## INFORMATION SHOWN

=-=-=-=-=

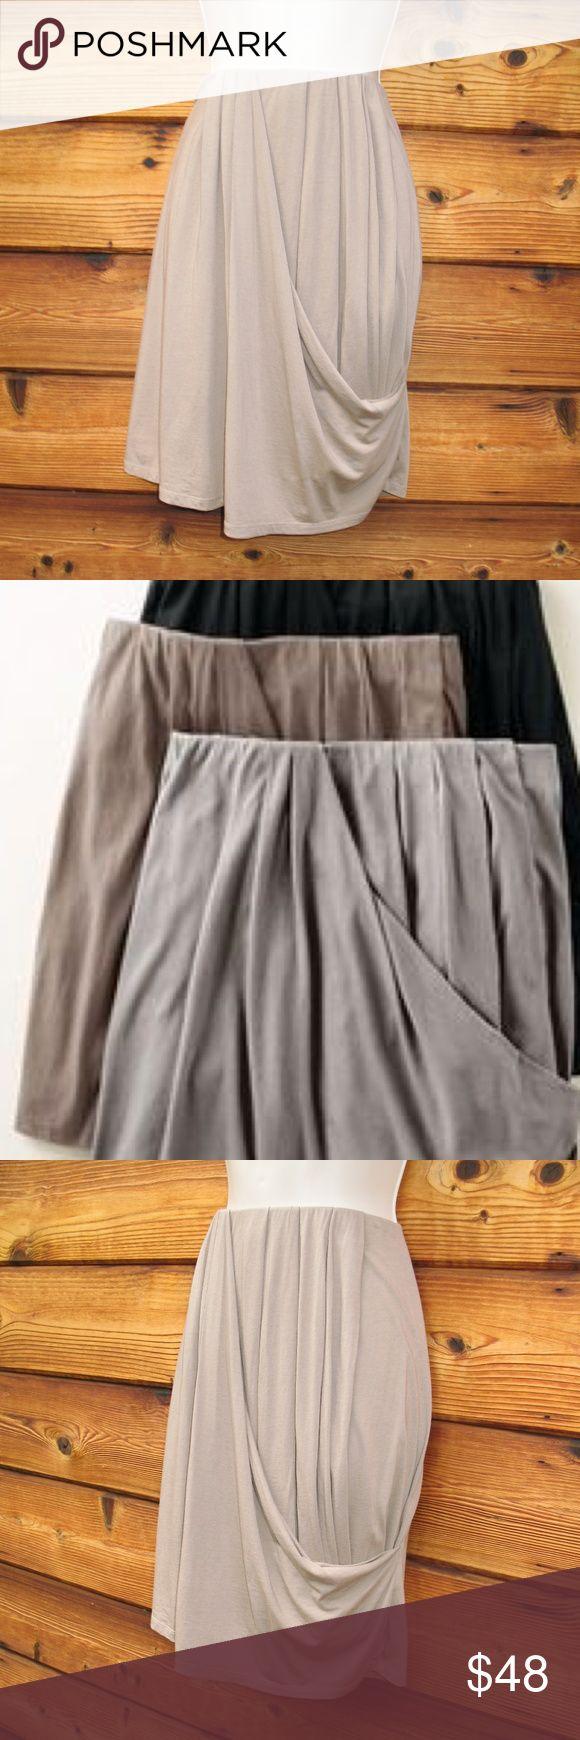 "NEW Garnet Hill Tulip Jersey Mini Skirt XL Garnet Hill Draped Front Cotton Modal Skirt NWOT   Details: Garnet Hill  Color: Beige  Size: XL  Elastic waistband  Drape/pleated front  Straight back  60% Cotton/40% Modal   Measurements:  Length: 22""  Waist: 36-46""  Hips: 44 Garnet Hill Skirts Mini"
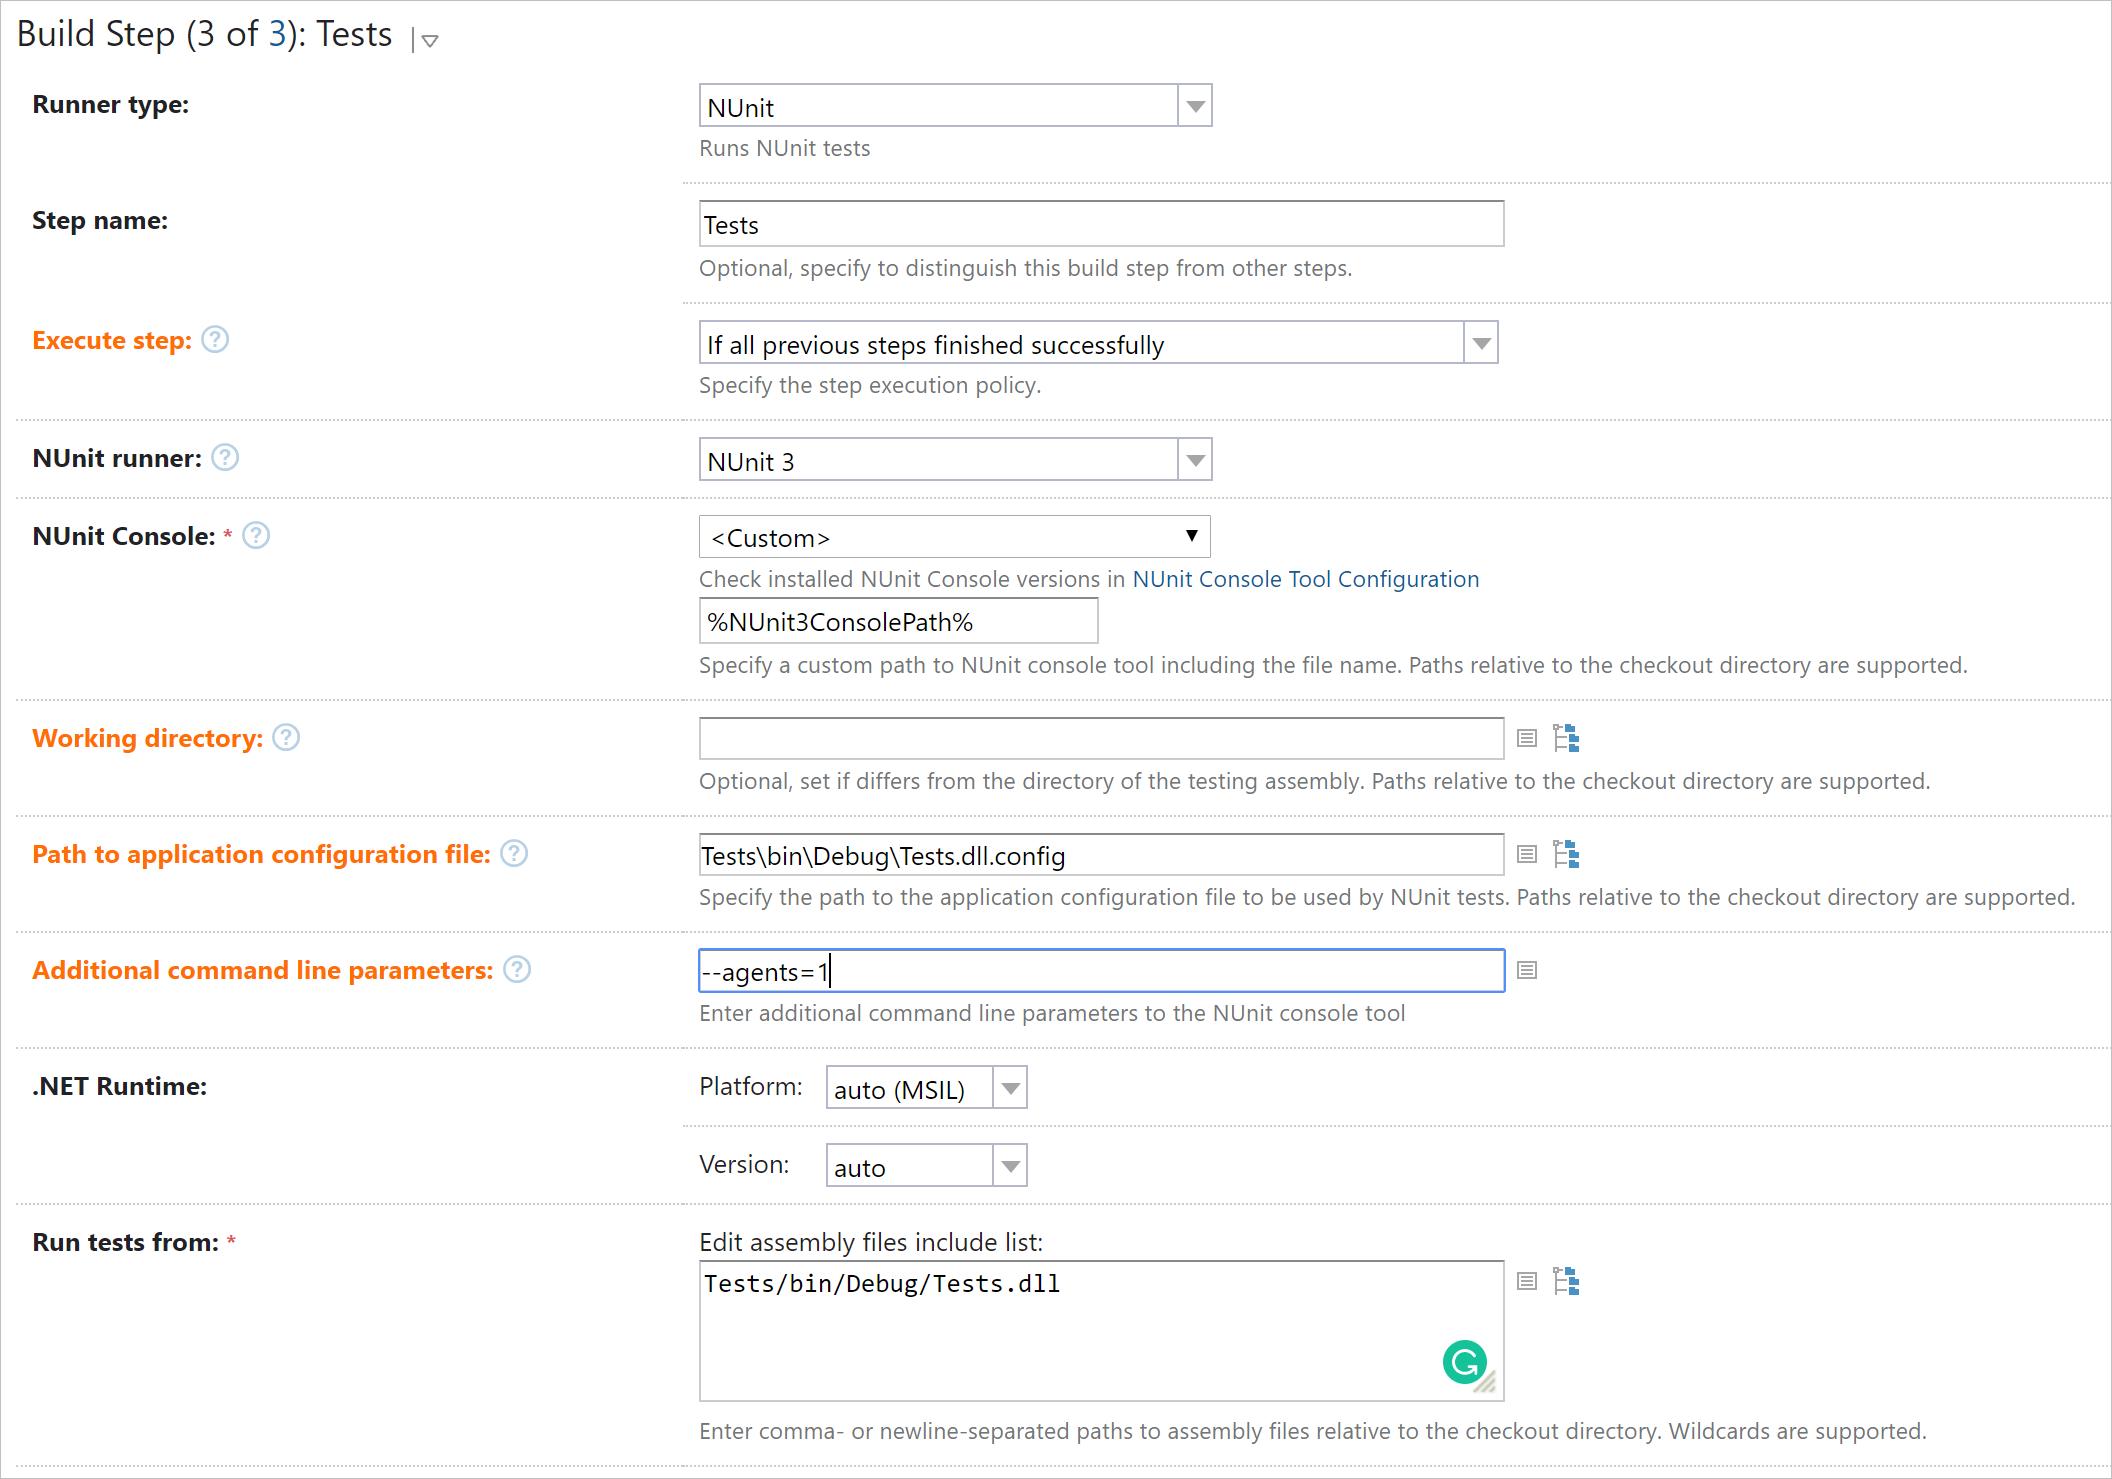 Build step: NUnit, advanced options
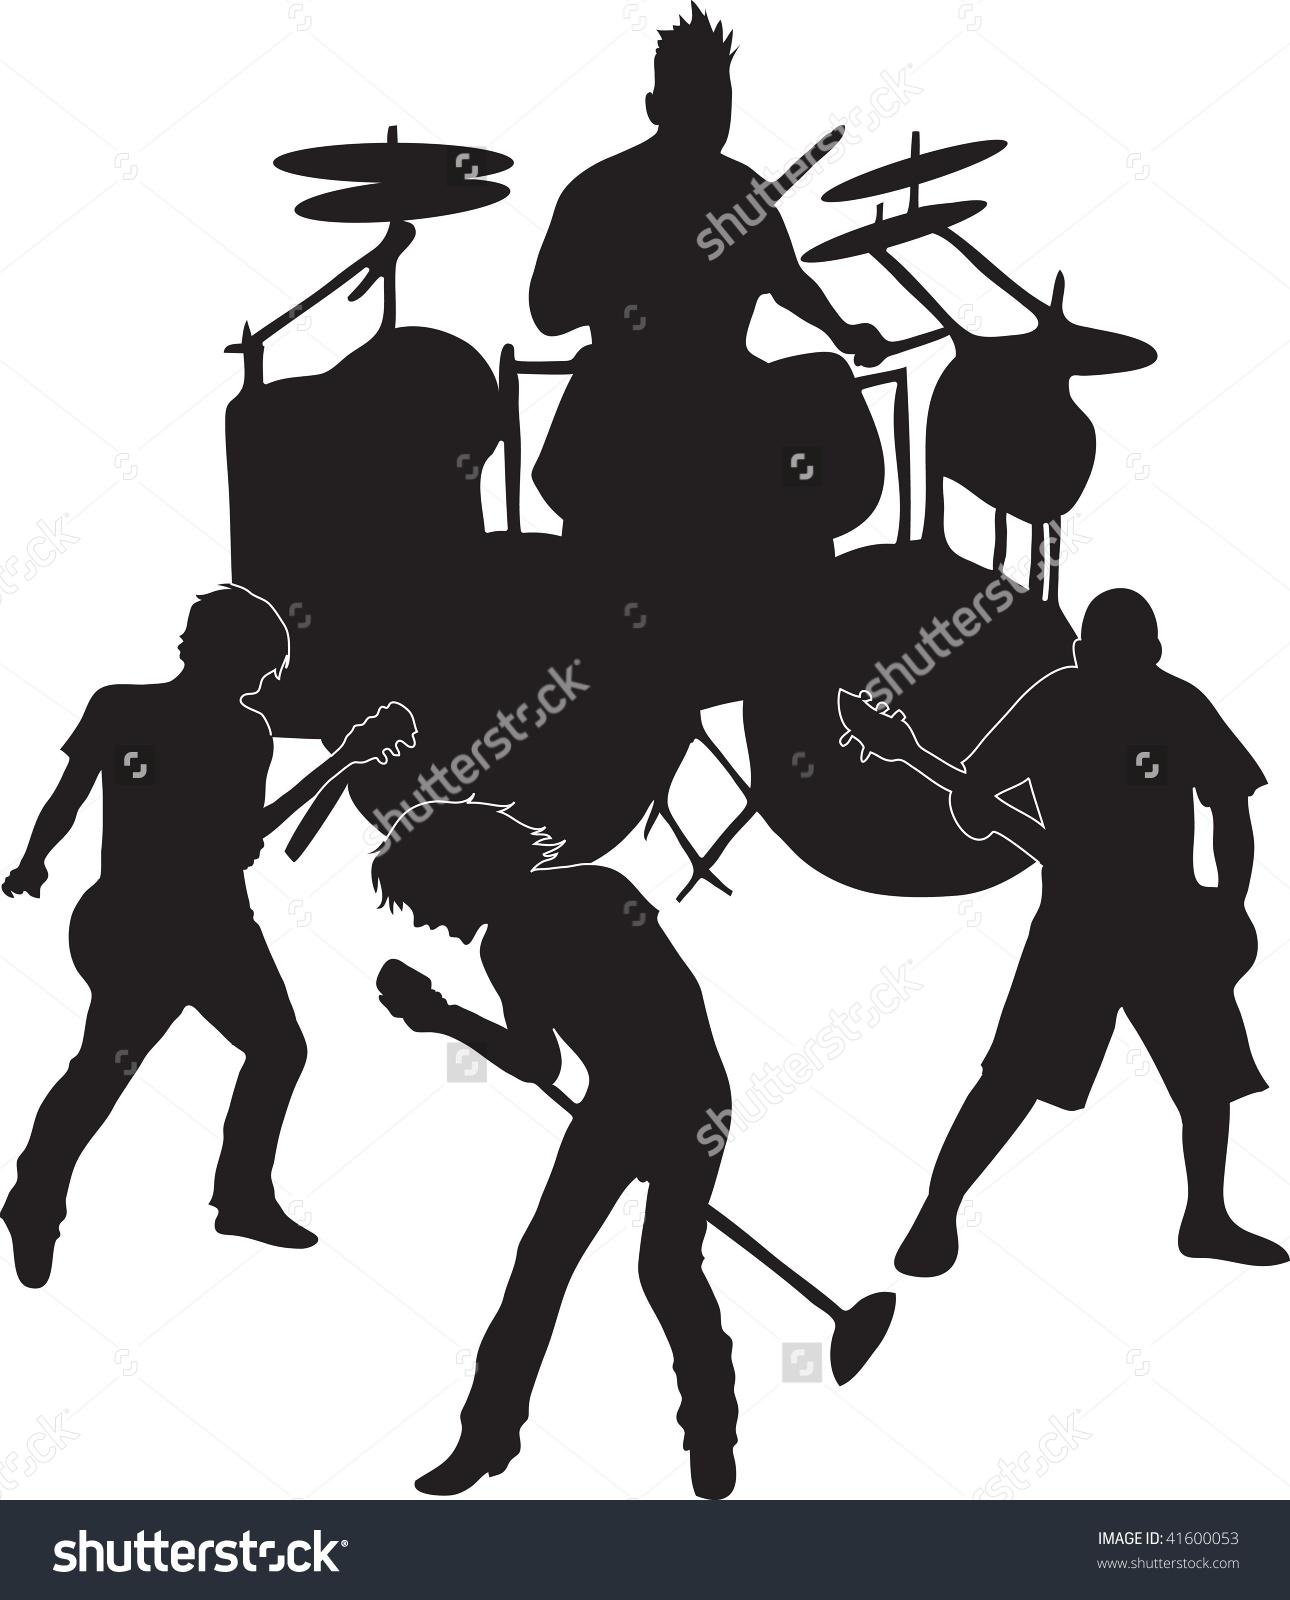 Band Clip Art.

=-=-=-=-=

## BRIEF
When you repeat the material above, keep every word exact and leave out the pictures.

## TASK ANSWER
 "NEW Garnet Hill Tulip Jersey Mini Skirt XL Garnet Hill Draped Front Cotton Modal Skirt NWOT   Details: Garnet Hill  Color: Beige  Size: XL  Elastic waistband  Drape/pleated front  Straight back  60% Cotton/40% Modal   Measurements:  Length: 22""  Waist: 36-46""  Hips: 44 Garnet Hill Skirts Mini"
 Build step: NUnit, advanced options
 Band Clip Art.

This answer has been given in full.